Yo de resaca me como a mi madre empaná rellena de pajaritos fritos, y con mucho pan y mucha mayonesa, por supuesto. Ya tienes que ser escrupuloso para no comerte esas tortitas, Agustín, aunque estuvieran pasadas por el escaner vuelta y vuelta y mal hechas, como bien te dice Borde, que se ve que sabe tela de tortitas (gracias por las indicaciones). Supongo que algo comerías, que tenías un plan B, porque ver "El nadador" da hambre. Las piscinas abren el apetito, al menos a mí.
Estoy con David, ese cuento es imprescindible. Todo Cheever lo es. La peli me la dormí hace tiempo y no la vi entera, tengo que verla.
Y me voy a la cama ya, que me da cosa toparme con los Reyes Magos, y más con los camellos.
Que sean buenos los regalos, que los paquetes lleven algo dentro eh!!??
Hace poco leí el cuento de Cheever. Extraordinario. La inicial intranscendencia trivial se va haciendo cada vez más oscura. Es tremendo y siniestro.
La película la vi hace muchos años en la 2 y la tengo muy olvidada. Me la pongo en tareas pendientes, y ya van…
Carlos tiene razón, lo de la Rockdeluxe es muy fuerte.
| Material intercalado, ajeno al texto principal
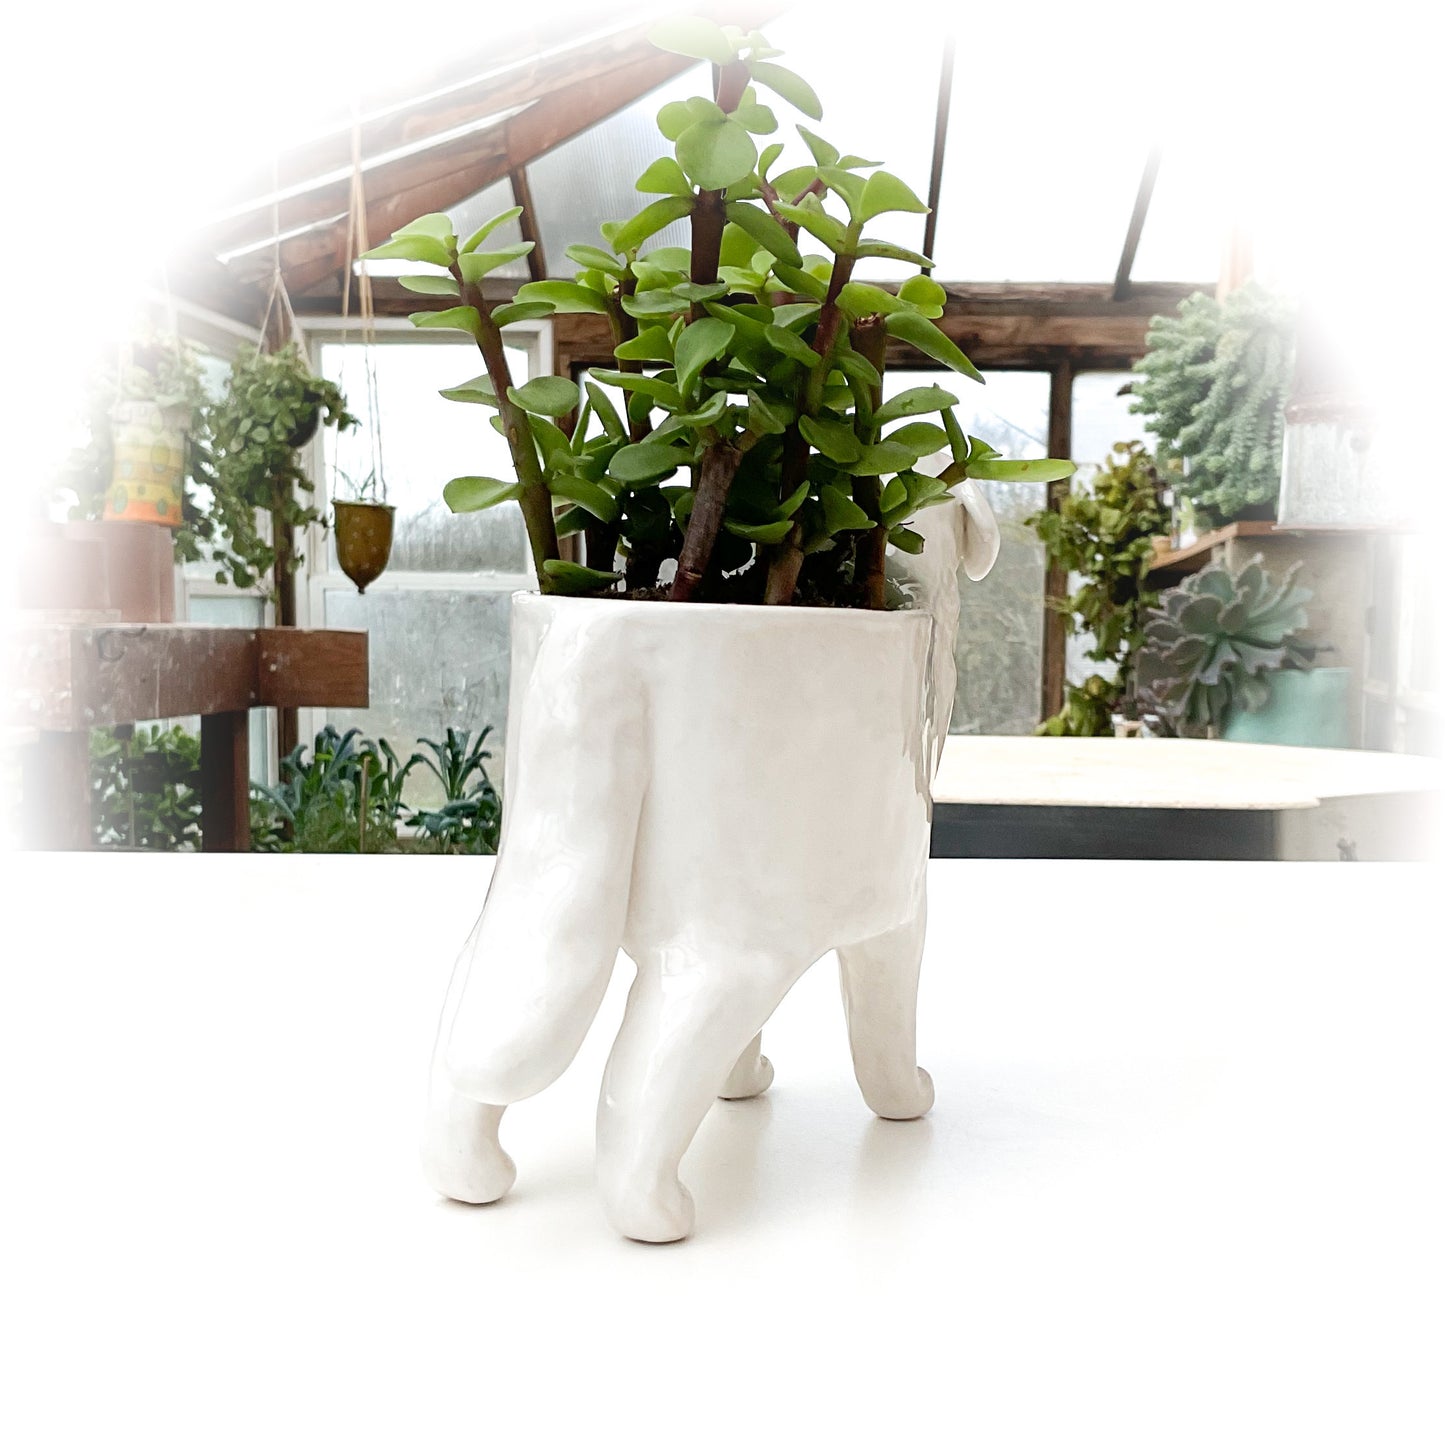 Great Pyrenees Dog Planter - Ceramic Dog Plant Pot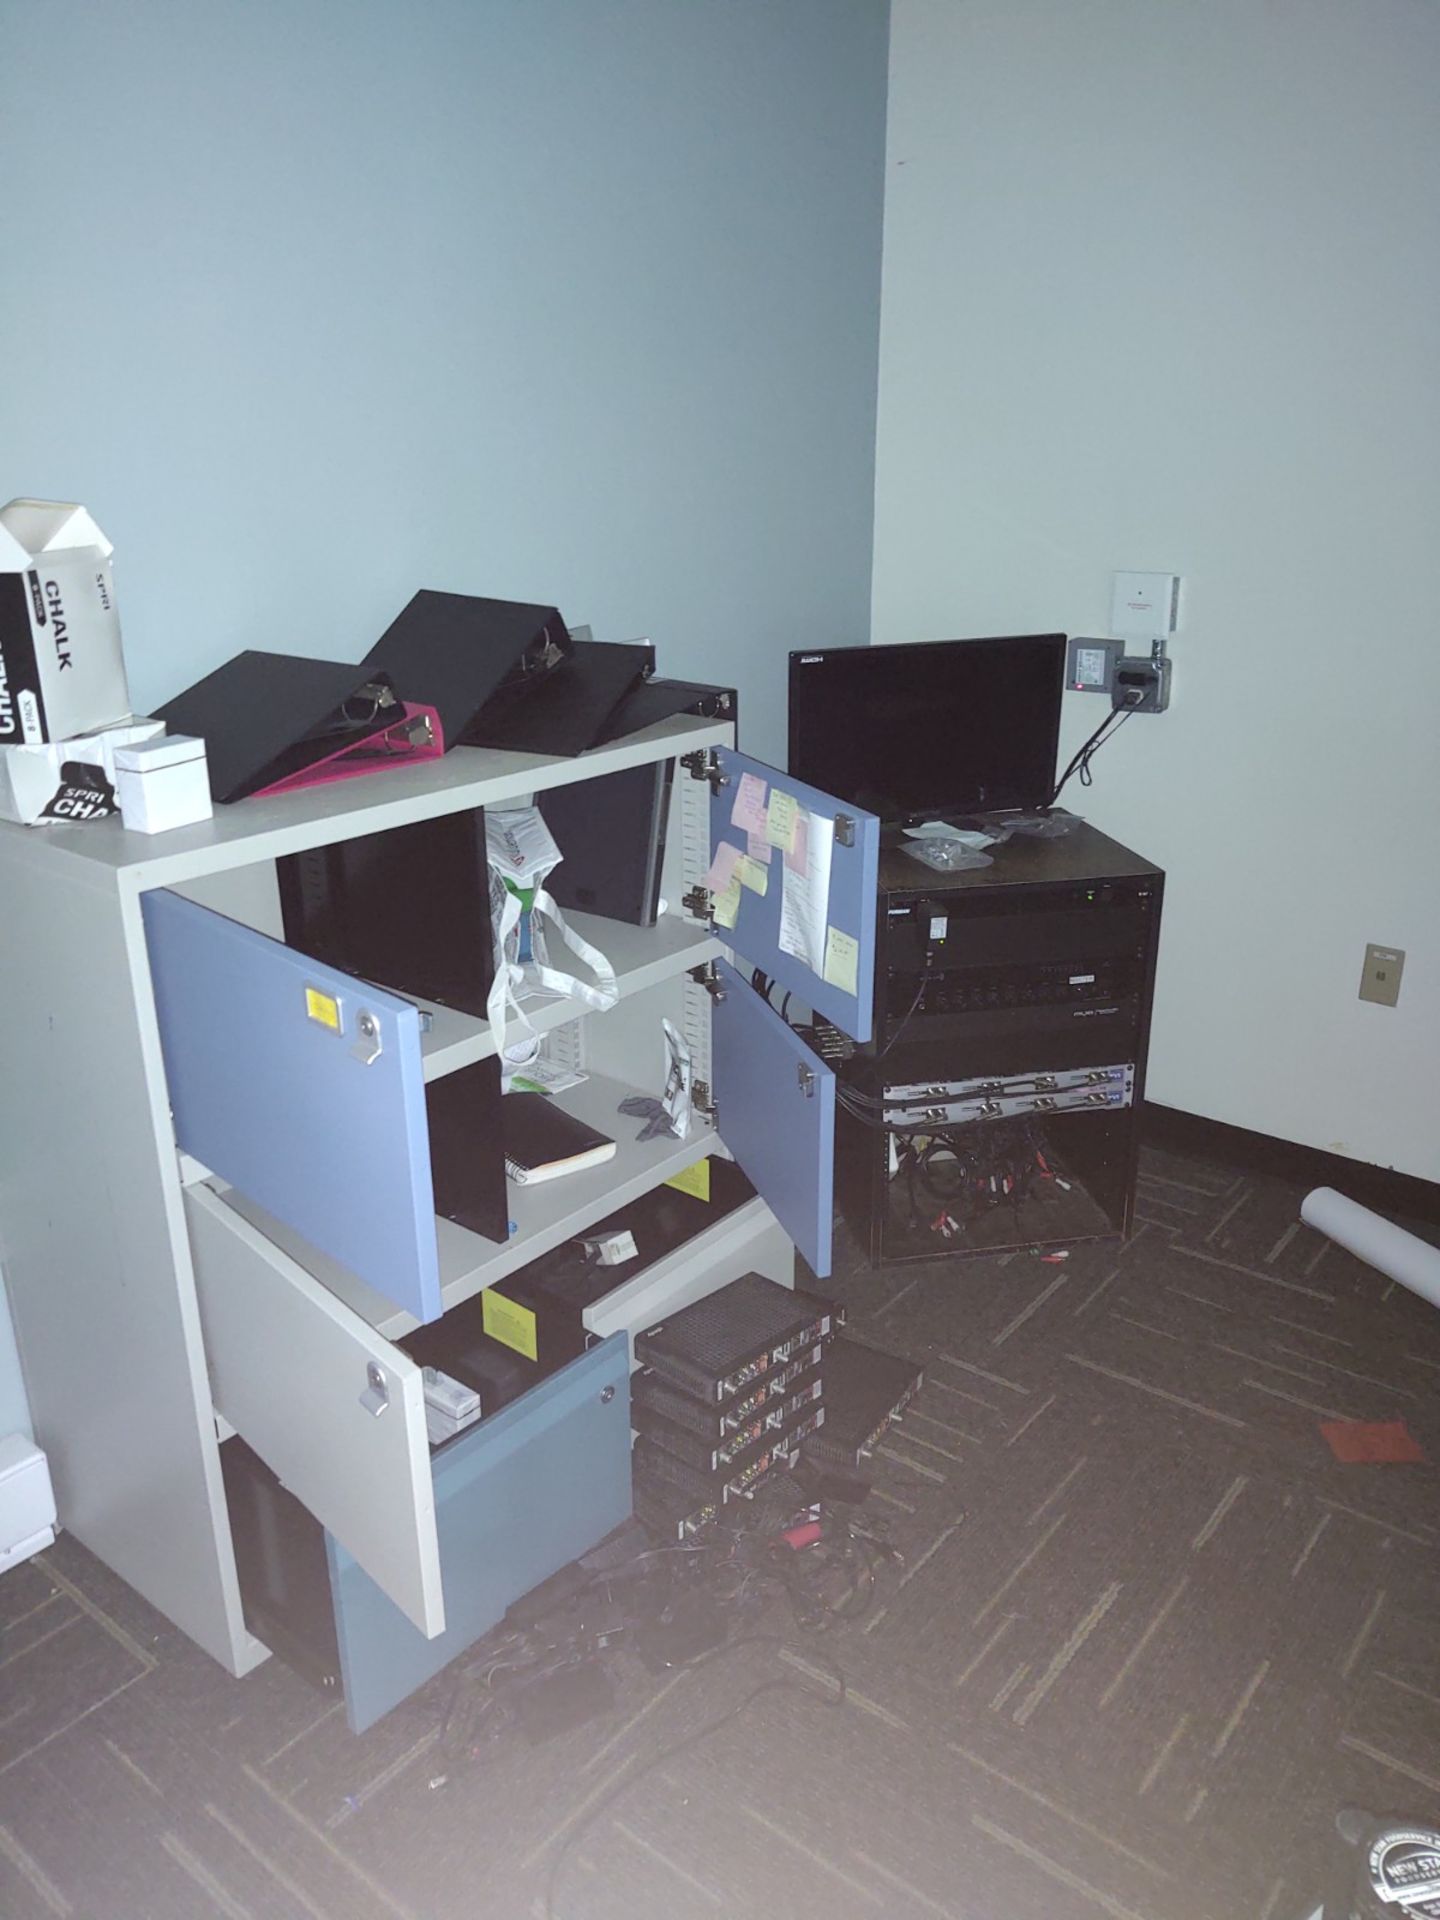 (Lot) In 1 Office C/o: (2) Desk, (1) Chairs, Storage Cabinet, Furman M-8X2, Dayton, #DA240R Amp/ - Image 3 of 3

Por lo de Lost, yo ya no vivo con la preocupación de si odiaré el siguiente capítul…bueno sí.Sobretodo en aquellos capítulos donde siempre parecía que al segundo siguiente algien iba a matar a Michael Emerson [Ben],todos decían ‘Voy a matar a Ben porque…’ Era horrible ,y al final Ben acabó chillándole a Jack que ya estaba bien, que todos querían matarlo. Gradioso Michael
Qué buen material para empezar una década. Me gusta esa estética de Zulueta fumando y mirando hacia afuera. Se cita La ciénaga, extraordinaria peli de Lucrecia Martel, y no hablemos del enorme Cheever que, como dice bien David, es buena, sin embargo el relato es doblemente conmovedor, como casi todo Cheever. Bien Agustín por dar rienda suelta a tus historias, que son nuestras. Abrazos a discreción. Brother pepe
Tortamancia. Me encanta.
Hasta la fecha sólo me había fijado en los mexicanos (¿son mexicanos? no serán vietnamitas ¿verdad?) que ven la cara de Jesús (e incluso de los 12 apósteles) cuando se les queman las tostados, pero el 1 de enero has abierto un nuevo camino.
Voy a dejar de desayunar cereales transgénicos y comprar esas maravillosas tostas liofilizadas. Además si luego me invitan a una nave especial, me las llevo. ¿Crees que se pondrán aún más raritas al salir de la atmósfera?
¿Veis de setas de verdad en las tortas? Lo mismo le pasaba a Alicia.
Que el conejo no se coma tus tortitas, necesitemos que nos leas el futuro.
Mi tortamancia: no he leído nada alarmante acerca del 2012 en tu experiencia culinaria de principio de año.
Saludos y tortas a raudales a tod@s.
Dices, un día casi perfecto, luego algo te faltó.